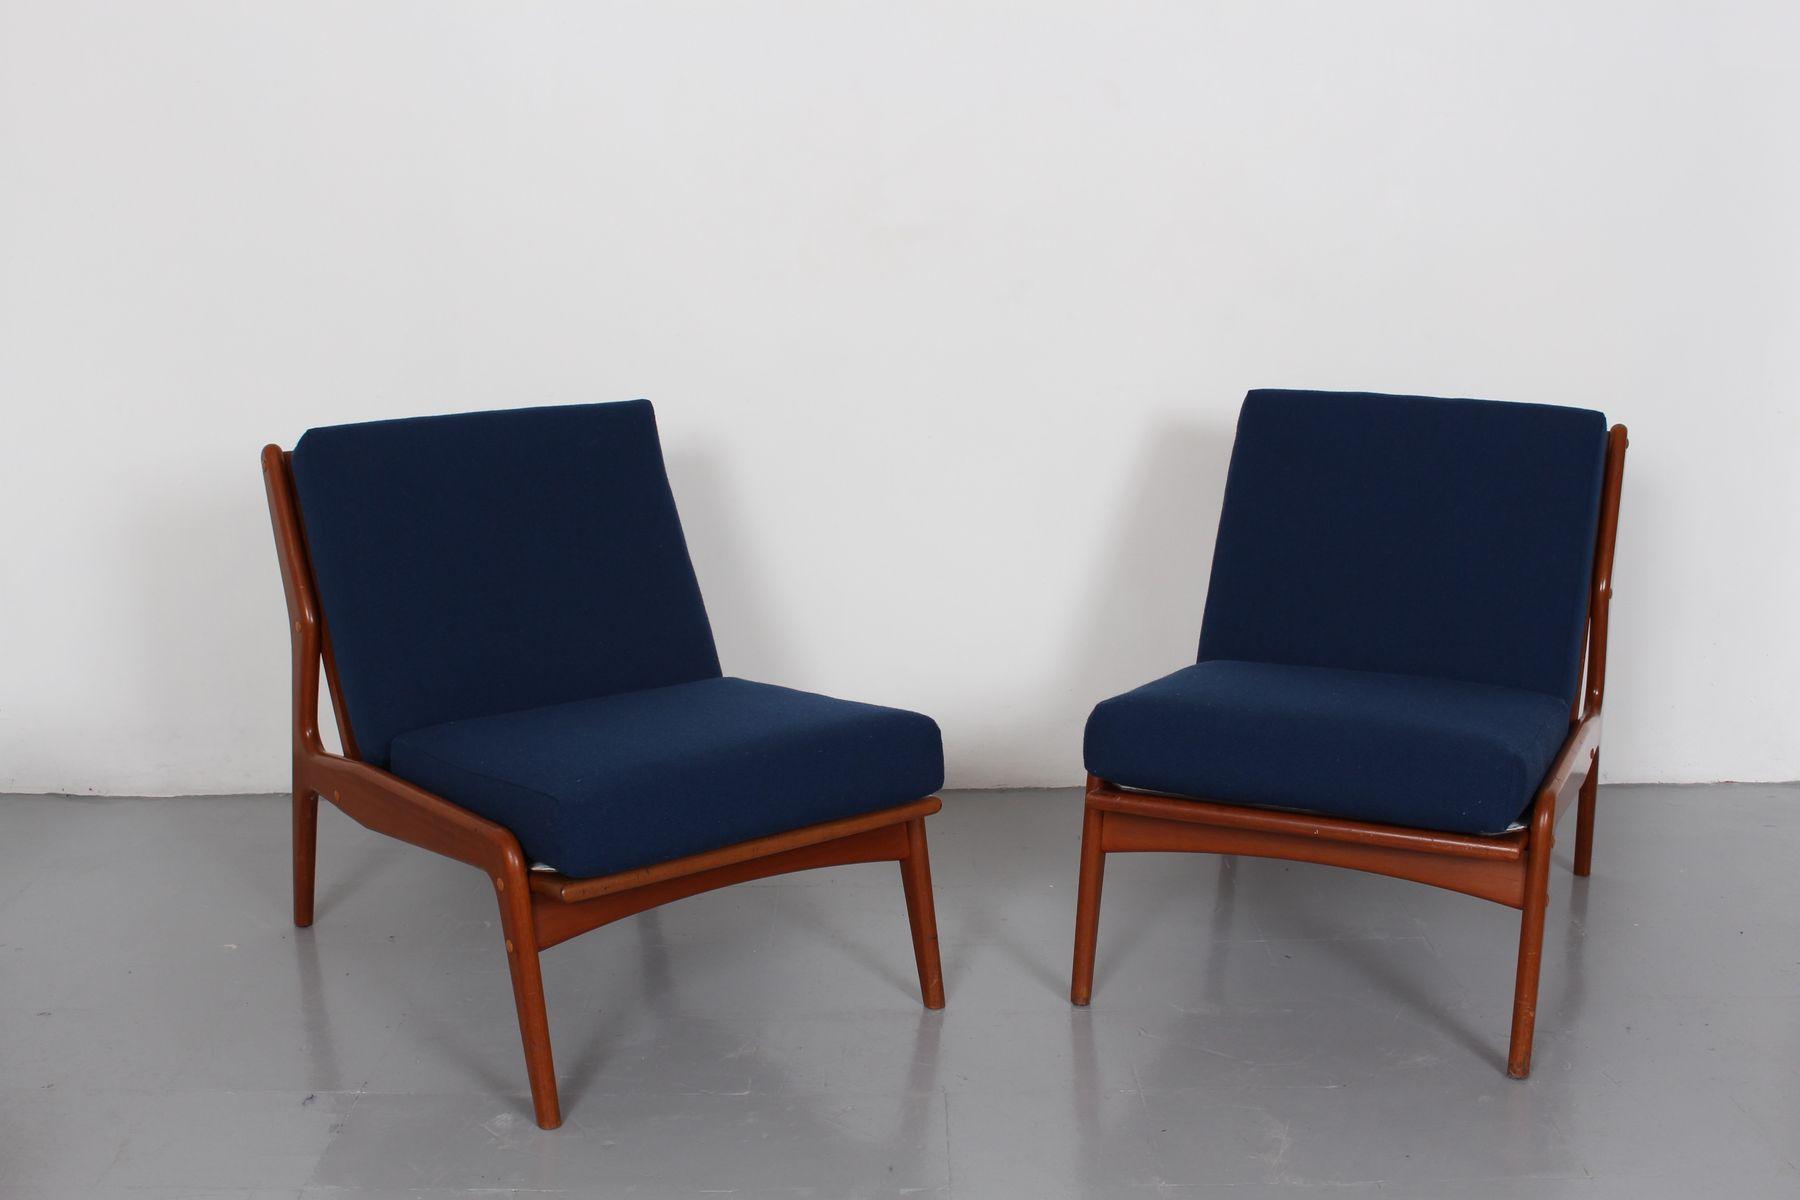 niedrige d nische vintage teak sessel mit blauem stoff 2er set bei pamono kaufen. Black Bedroom Furniture Sets. Home Design Ideas
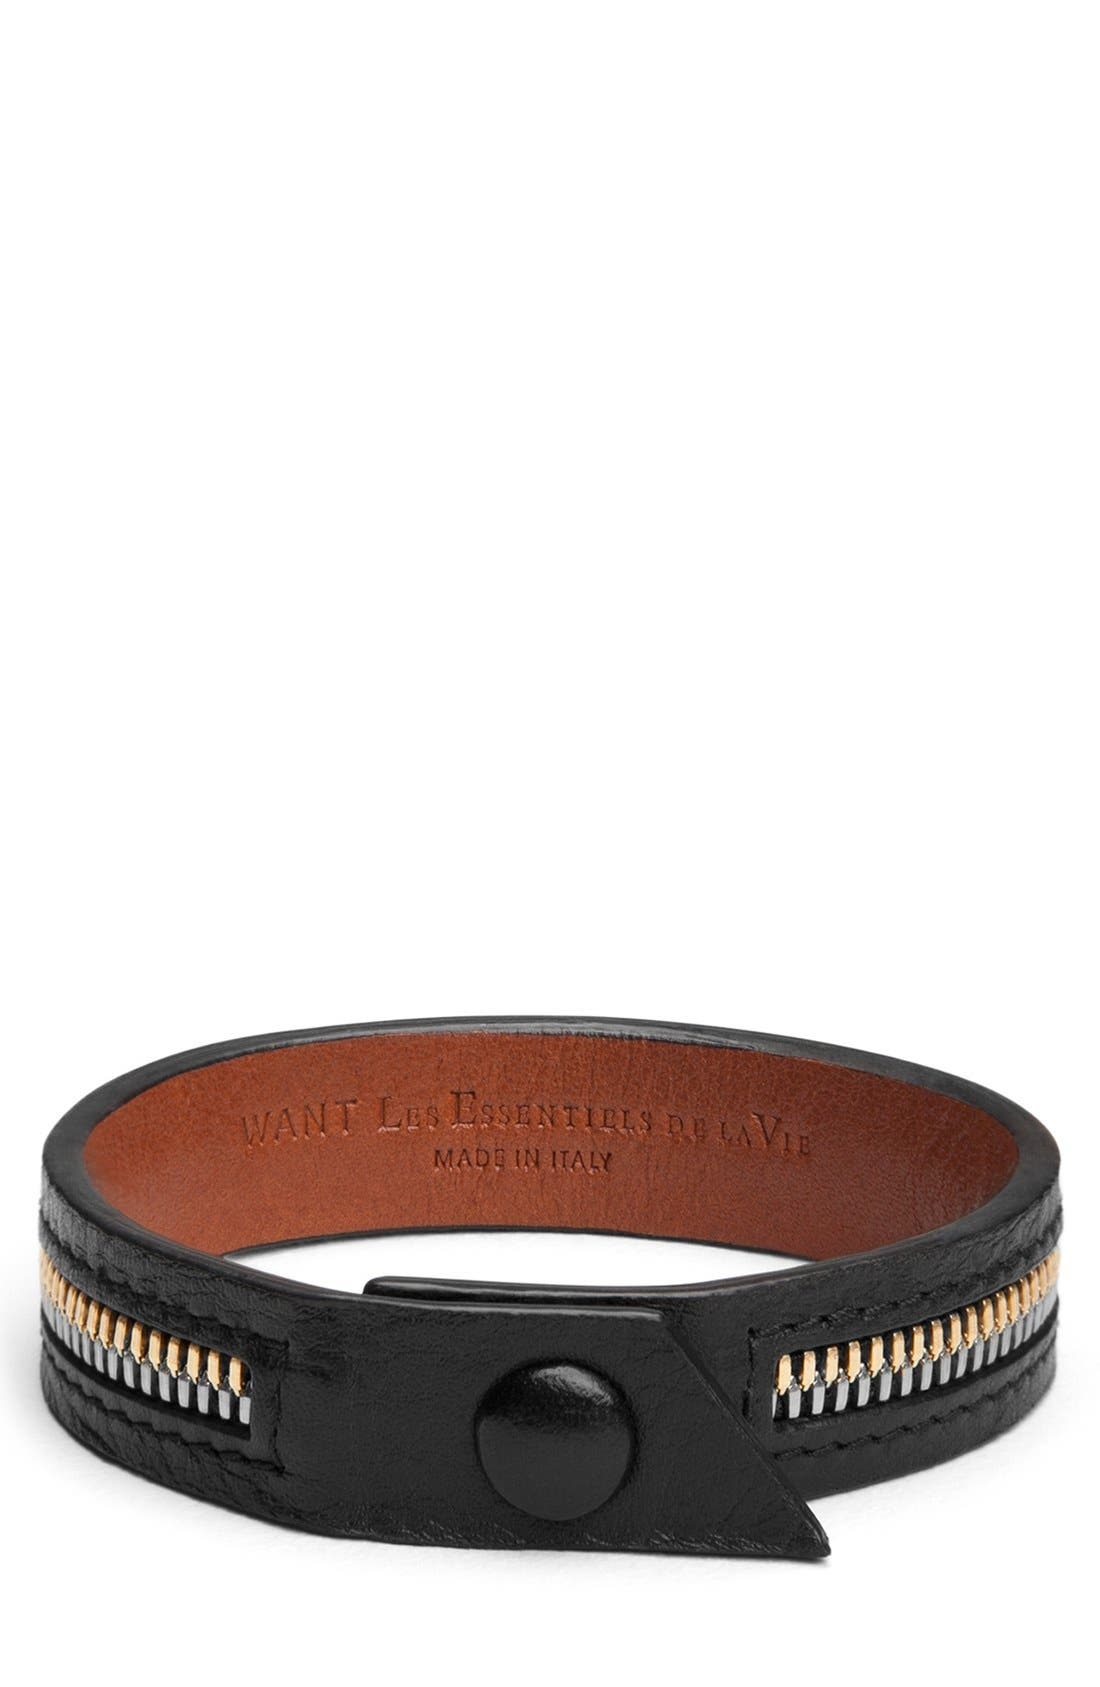 Tambo Zip Bracelet,                         Main,                         color, 010
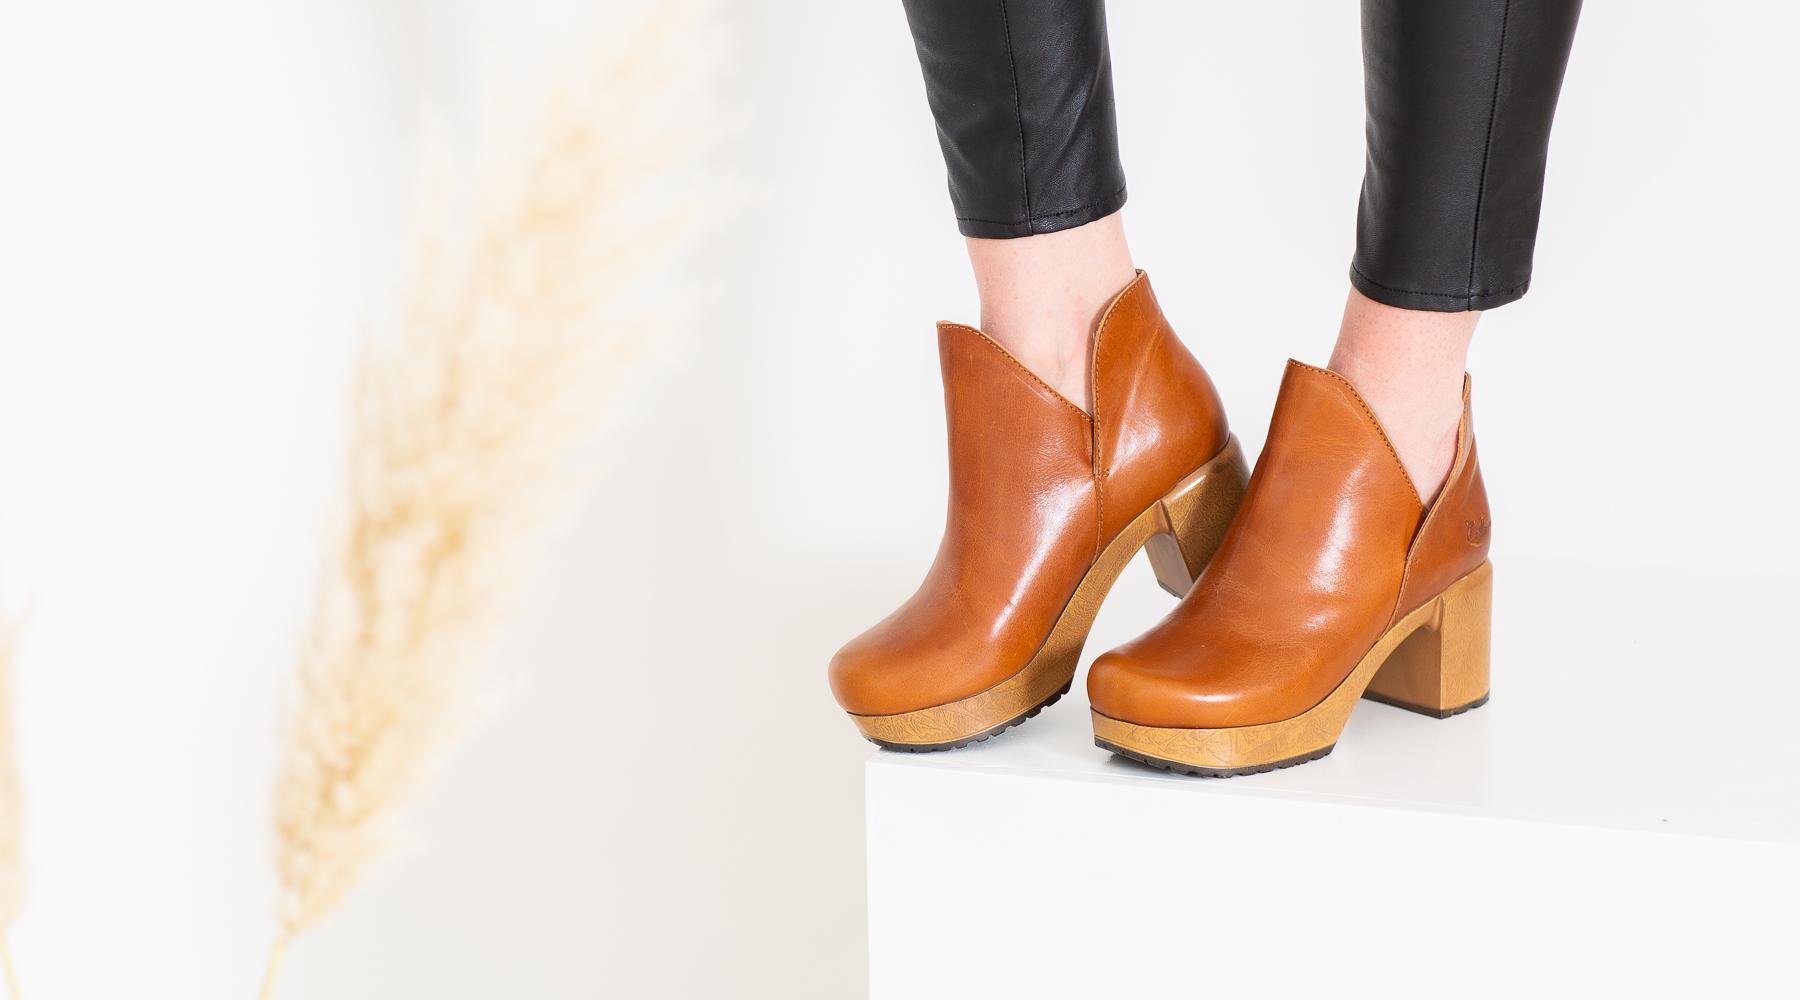 Stockholm Design Group | Shoes, Sandals, Boots
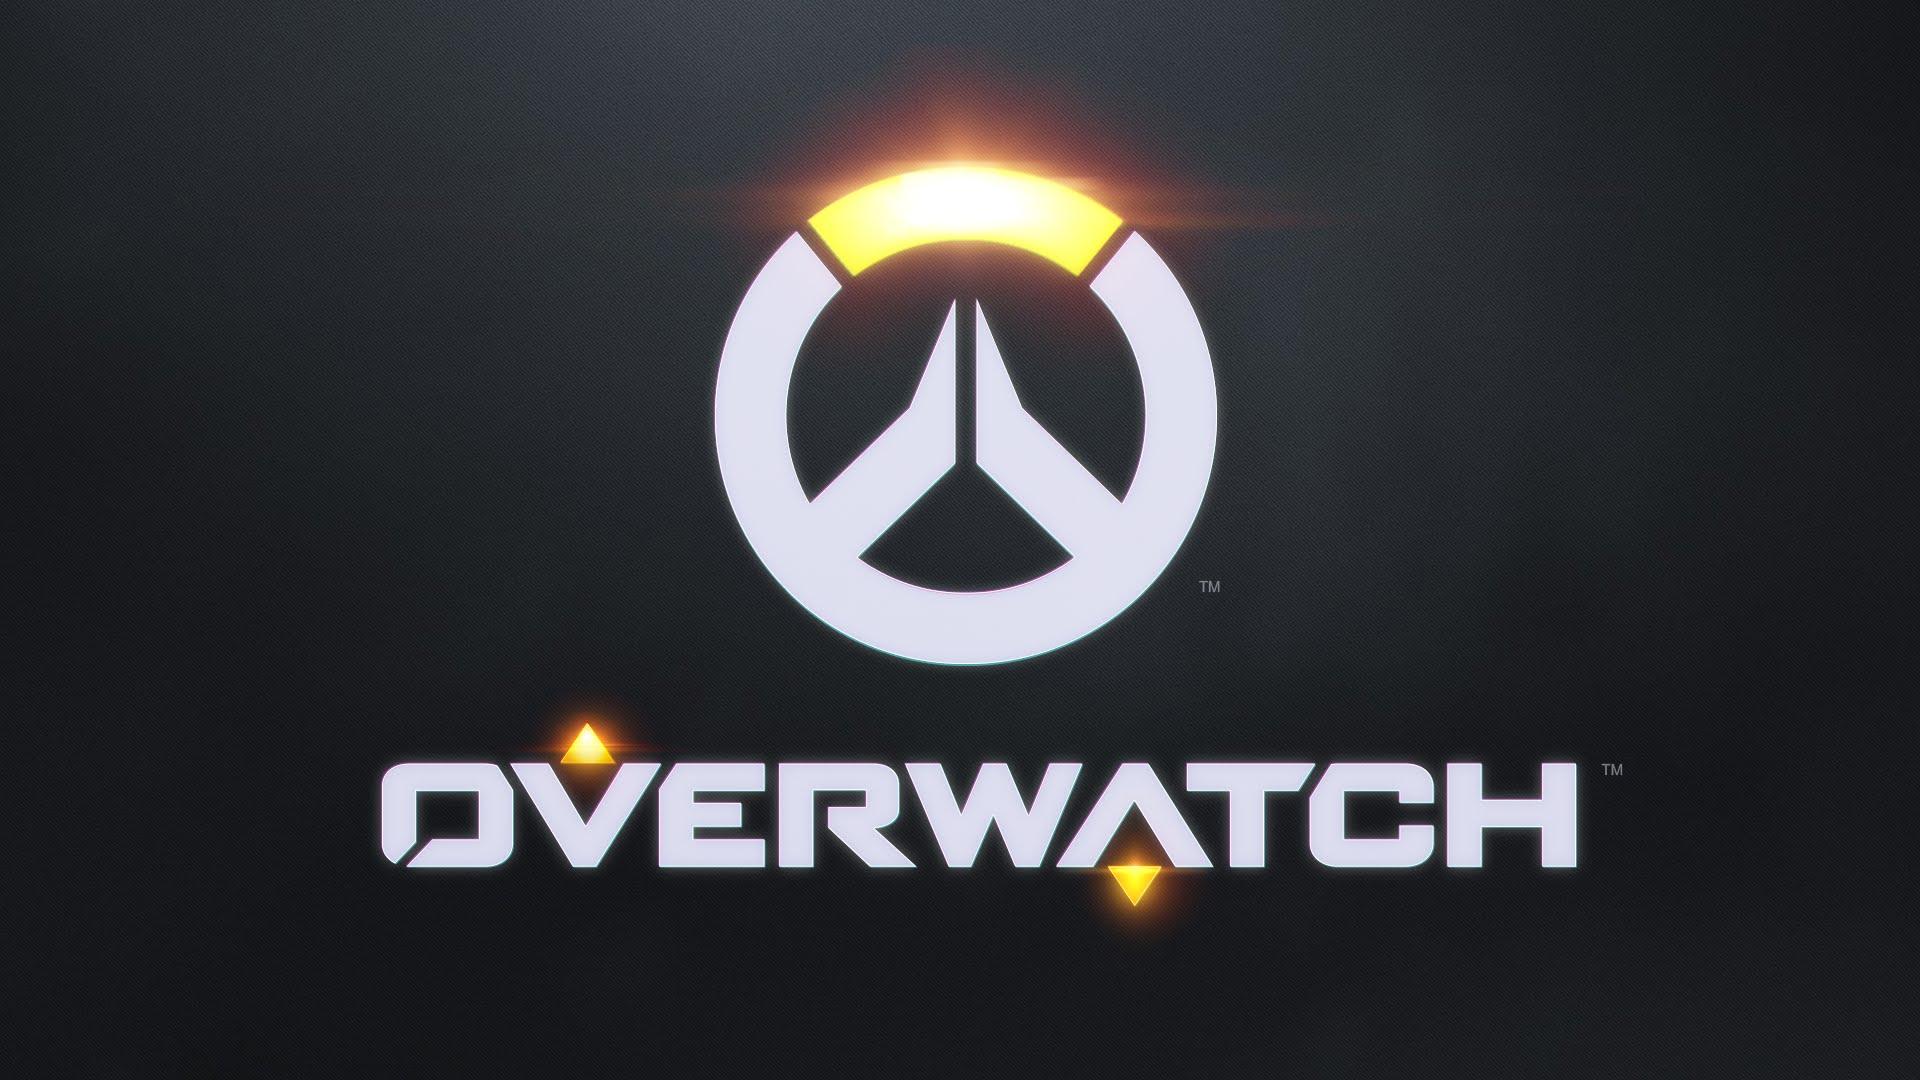 Overwatch07-10-2015

(TASK TO CARRY OUT):
Could you reproduce the listing above exactly and drop every picture?

(EXERCISE OUTPUT):
 niedrige d nische vintage teak sessel mit blauem stoff 2er set bei pamono kaufen. Black Bedroom Furniture Sets. Home Design Ideas
 Tambo Zip Bracelet,                         Main,                         color, 010
 Stockholm Design Group | Shoes, Sandals, Boots
 Overwatch07-10-2015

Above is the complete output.